Physiocracy (from the Greek for "government of nature") is an economic theory developed by a group of 18th century Enlightenment French economists who believed that the wealth of nations was derived solely from the value of "land agriculture" or "land development" and that agricultural products should be highly priced.[1] Their theories originated in France and were most popular during the second half of the 18th century. Physiocracy is perhaps the first well-developed theory of economics.

The movement was particularly dominated by François Quesnay (1694–1774) and Anne-Robert-Jacques Turgot (1727–1781).[2] It immediately preceded the first modern school, classical economics, which began with the publication of Adam Smith's The Wealth of Nations in 1776.

The most significant contribution of the physiocrats was their emphasis on productive work as the source of national wealth. This is in contrast to earlier schools, in particular mercantilism, which often focused on the ruler's wealth, accumulation of gold, or the balance of trade. Whereas, the mercantilist school of economics said that value in the products of society was created at the point of sale,[3] by the seller exchanging his products for more money than the products had "previously" been worth, the physiocratic school of economics was the first to see labor as the sole source of value. However, for the physiocrats, only agricultural labor created this value in the products of society.[4] All "industrial" and non-agricultural labor was "unproductive appendages" to agricultural labor.[5]
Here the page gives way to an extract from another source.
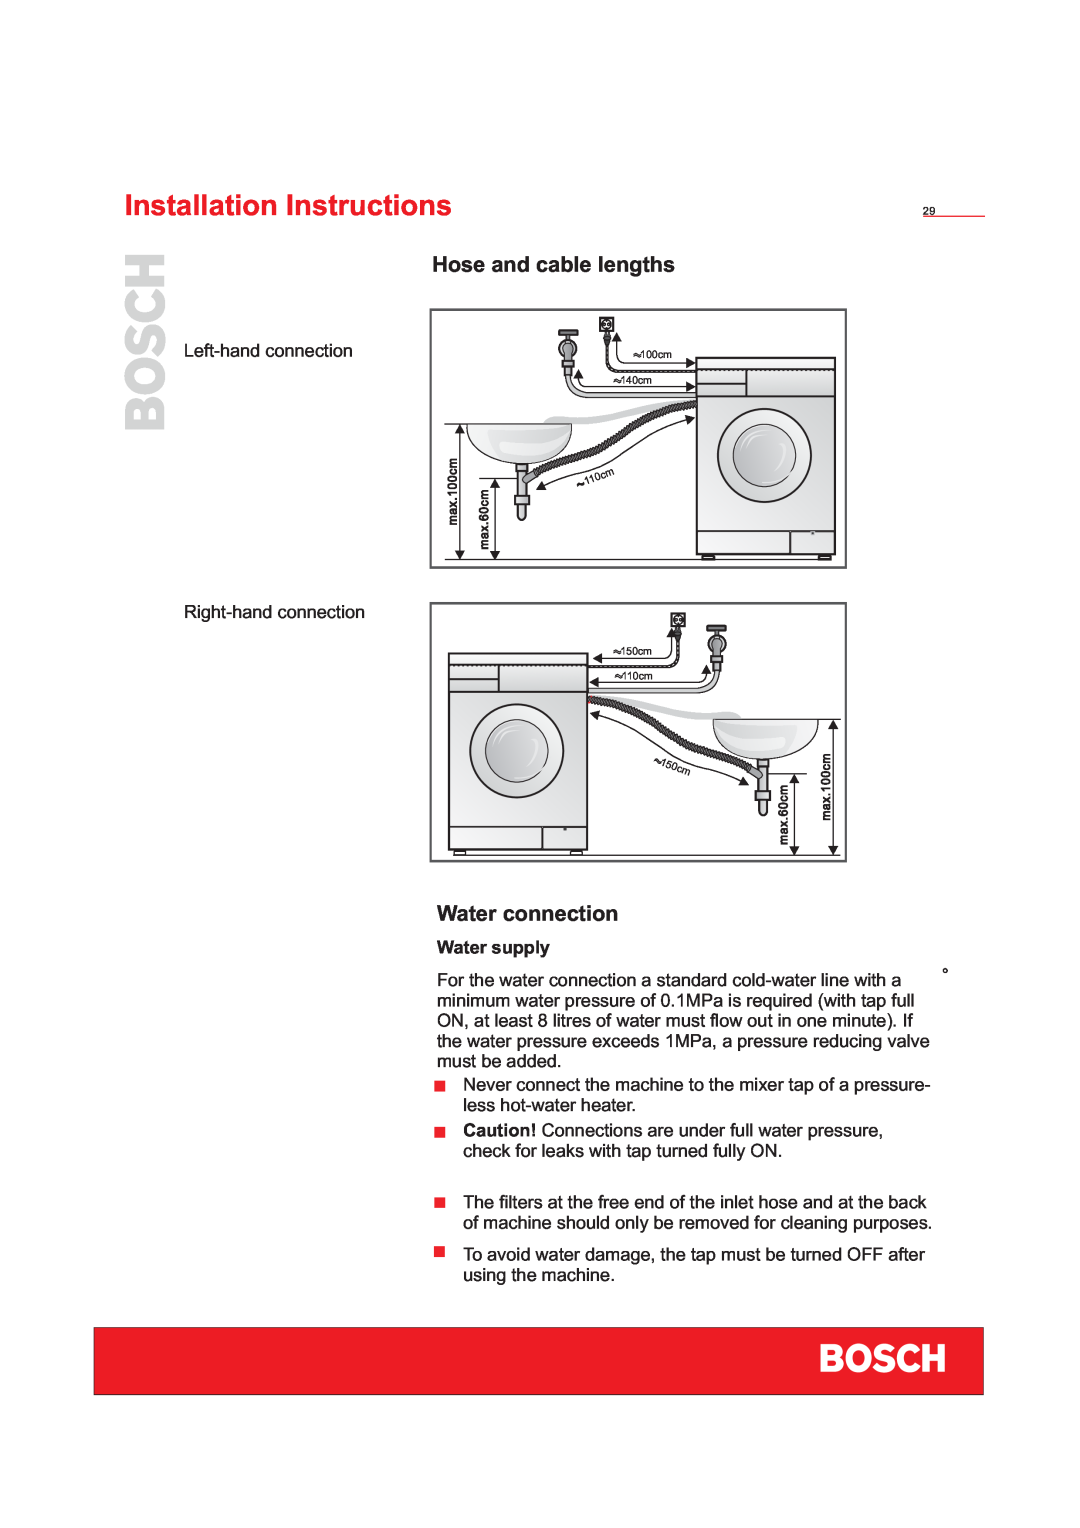 Bosch Appliances WFD50818 Hose and cable lengths, Water connection, Installation Instructions, Water supply, 150cm, 0cm6ax

At the time the physiocrats were formulating their ideas, economies were almost entirely agrarian. That is presumably why the theory considered only agricultural labor to be valuable. Physiocrats viewed the production of goods and services as consumption of the agricultural surplus, since the main source of power was from human or animal muscle and all energy was derived from the surplus from agricultural production. Profit in capitalist production was really only the "rent" obtained by the owner of the land on which the agricultural production was taking place.[6]

Historian David B. Danbom explains, "The physiocrats damned cities for their artificiality and praised more natural styles of living. They celebrated farmers."[7] They called themselves Les Économistes, but are generally referred to as physiocrats to distinguish them from the many schools of economic thought that followed them.[8]

Precursors

Physiocracy is an agrarianist philosophy. In the late Roman Republic, the dominant senatorial class was not allowed to engage in banking or commerce[9] but relied on their latifundia, large plantations, for income. They circumvented this rule through freedmen proxies who sold surplus agricultural goods.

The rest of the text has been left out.